Hace varios días que no escribo nada en mi blog. En realidad, no escribo nada en ningún sitio. Y es que no me resulta nada fácil. No es fácil para nadie.  No es un tiempo bonito. Miro alrededor buscando no la inspiración, que como sabemos o deberíamos saber todos, ésta llega trabajando. No. Miro hacia las estanterías de mi salón, mis estanterías-biblioteca, buscando una idea, un tema. Pienso en las miles de posibilidades que se esconden ahí. Cuentos de Japón, guías de viajes por hacer, una caja con un Mazinger Z de colección que solo sale de su habitáculo una vez cada tres, cuatro años y que para sacarlo tienes que ponerte guantes. Archivadores llenos de proyectos: La casa del viento, La casa del carpintero, La casa tubular, La casa Kim…Libros leídos, libros publicados y editados. Podría hablar de tantas cosas aprendidas en ellos… 

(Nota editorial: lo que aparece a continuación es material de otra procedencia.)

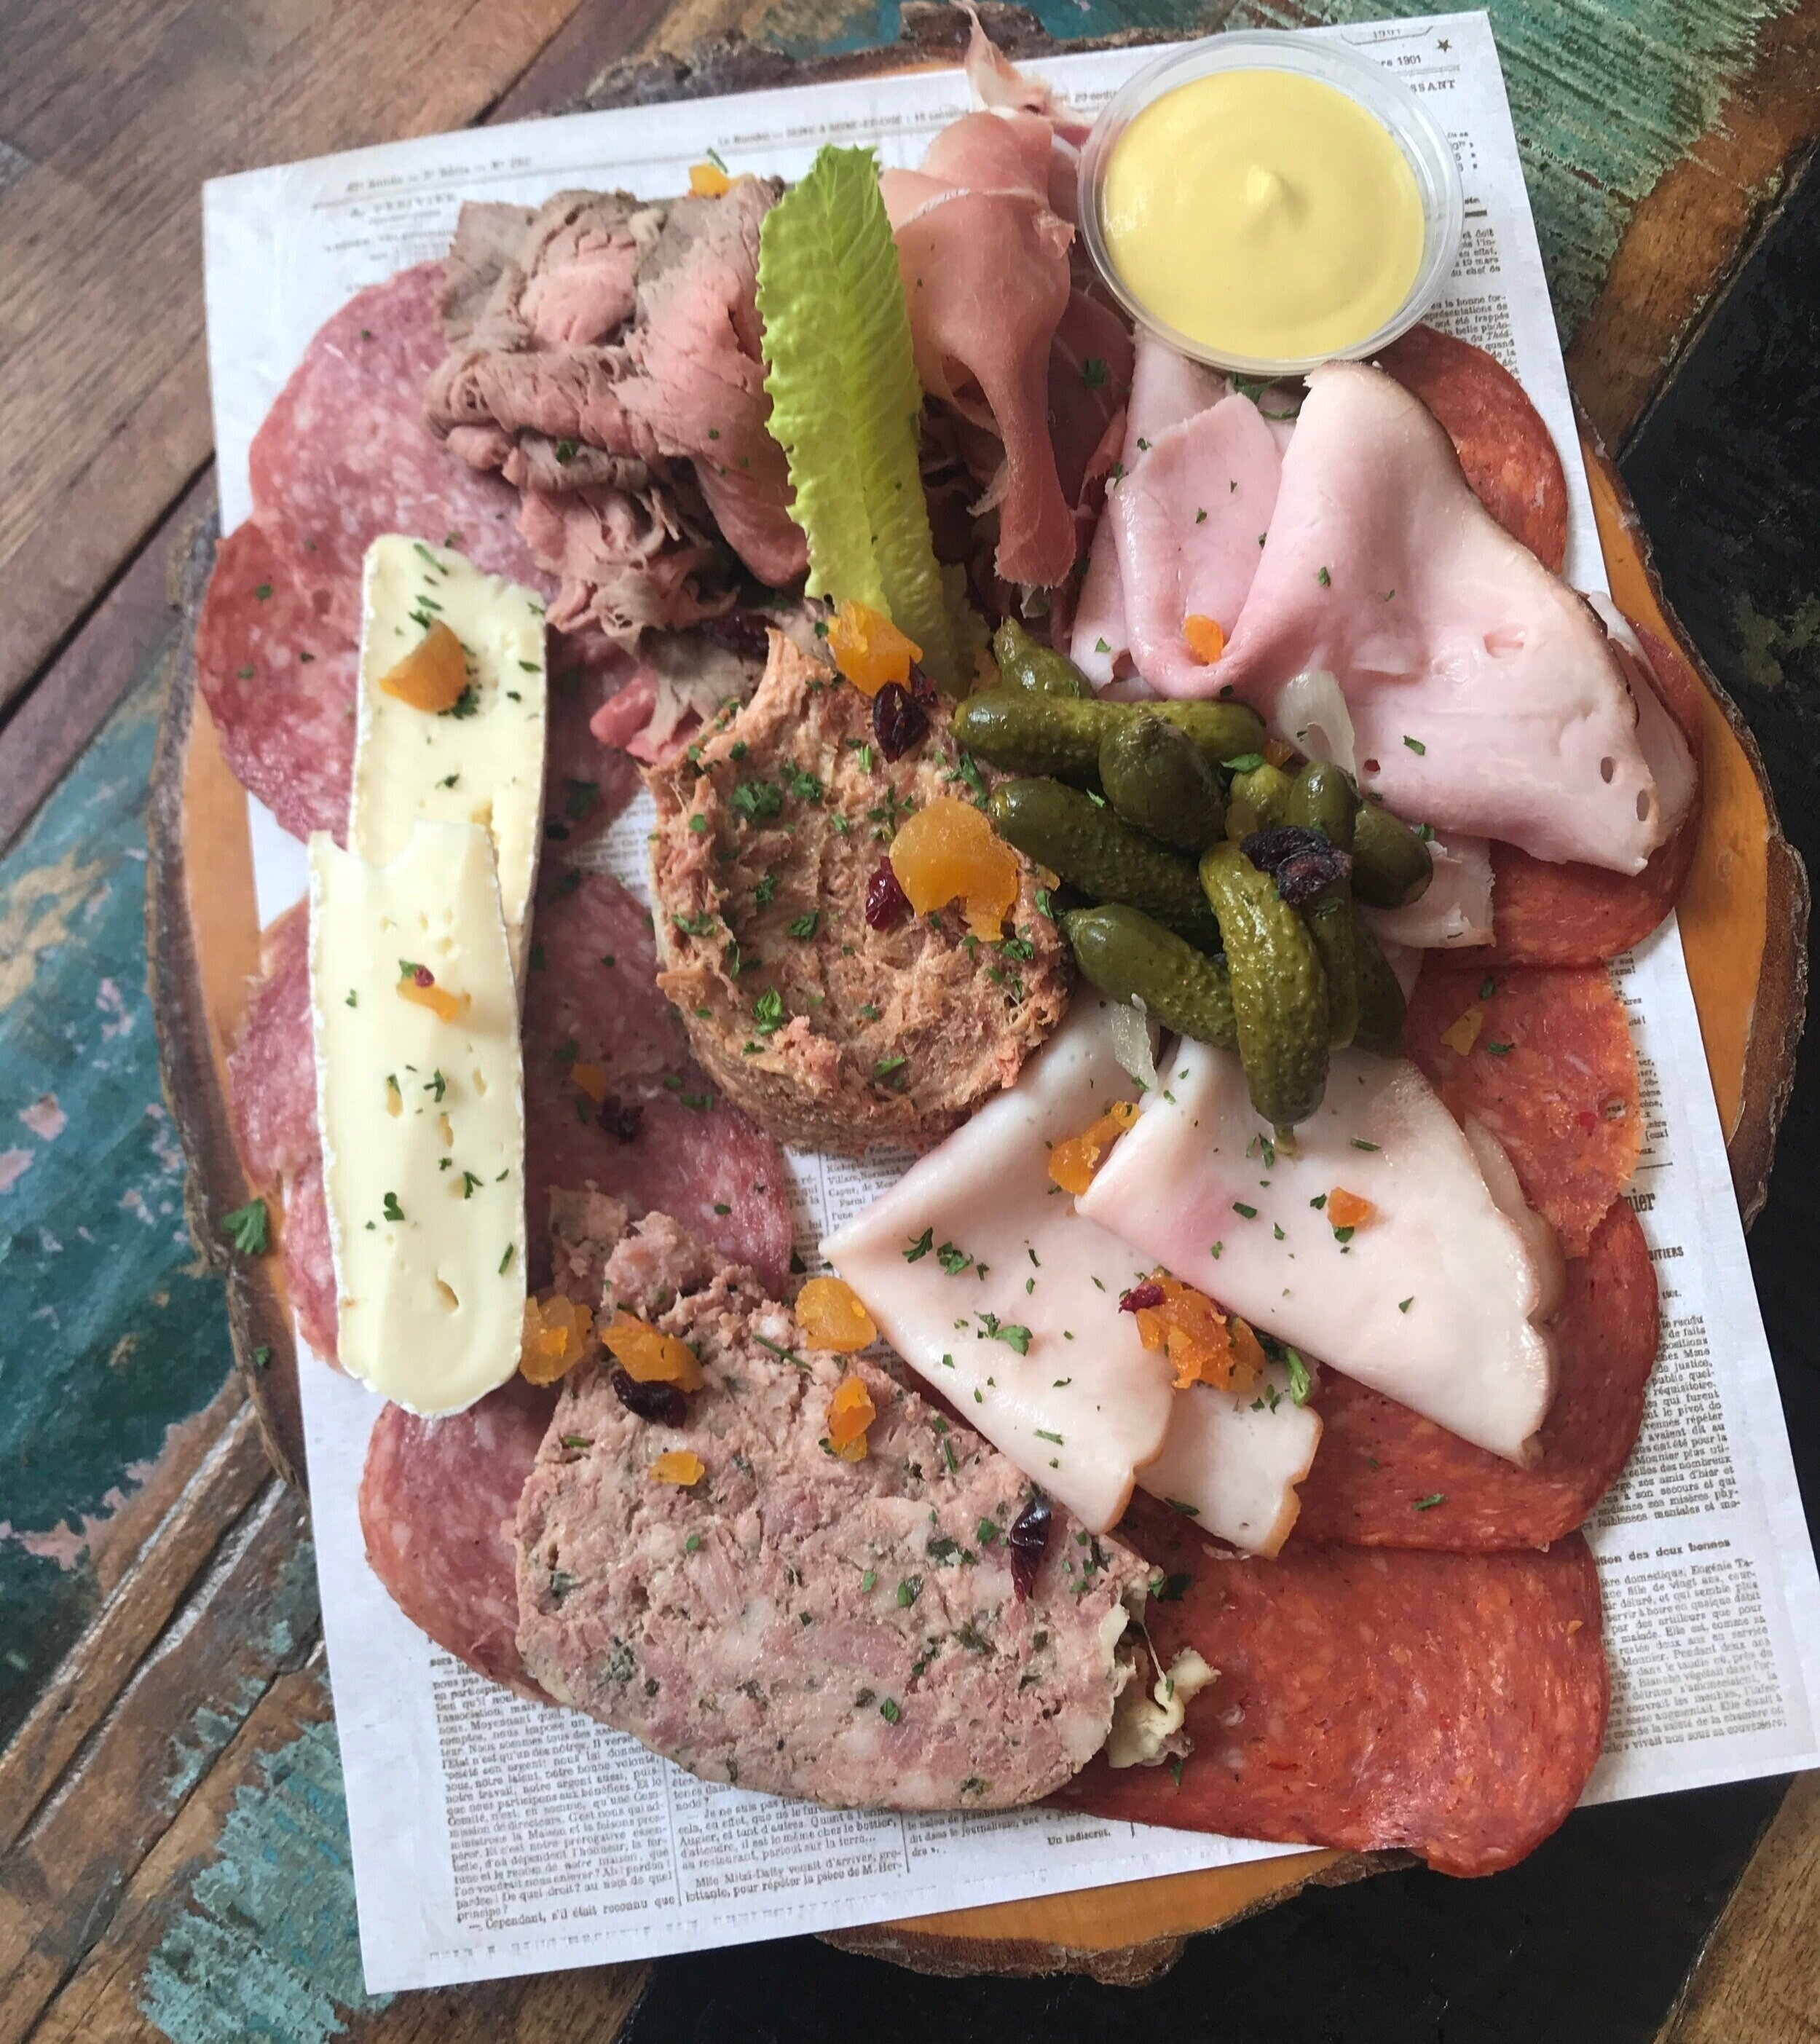 No Charcuterie quite like this

Las noticias suenan de fondo en una televisión que se ha convertido en una ventana a la desolación. En la radio se abre el debate sobre la palabra del año. Casi todos coinciden en que ésta debe ser “confinamiento”, experiencia compartida por millones de habitantes del mundo. Pero no está resultando fácil, de hecho el diccionario Oxford no puede decantarse solo por una. 

“Hoy pondré las luces de navidad en mi balcón”, pienso.

Y me llama mi amigo Alberto desde Japón. Feliz de que en Canarias “estamos mejor”. Allí también están bien a pesar de que sabe que las noticias que nos llegan aquí no nos cuentan lo mismo. Se lo confirmo. Pues no, parece que allí van bastante bien. Sí que le sorprende ver a muchos japoneses sin mascarilla. Allí no es obligatoria aunque sí debería llevarse en el metro y en lugares de aglomeración. Y yo le digo que a mí no hay día que deje de sorprenderme vernos a todos con mascarilla, “¡Que yo las compraba como souvenirs cuando me iba a visitar mi familia a Tokio y se las ponían para sacarse la foto en el metro!”. “Pues sí Guada, aquí ahora muchos no la llevan y es que aquí también hay negacionistas”. Y me cuenta que no va a poder venir a ver a su madre esta Navidad. Pero que habla con ella por FaceTime todos los días, su madre, que está cerca de los 90 y que hasta hace poco no apretaba ni un botón para nada, se había convertido durante el confinamiento en una experta en nuevas tecnologías. “Amor de madre”, me dice. Y nos reímos porque me cuenta que se emocionó al ver a través de mis publicaciones en Facebook que voy a buscar a mi hija a la salida de sus prácticas a la facultad. “Mamá gallina me llaman Alberto”. “Pues qué bonito que te llamen así”. 

“Hoy las pongo, las luces”. Y la vida sigue.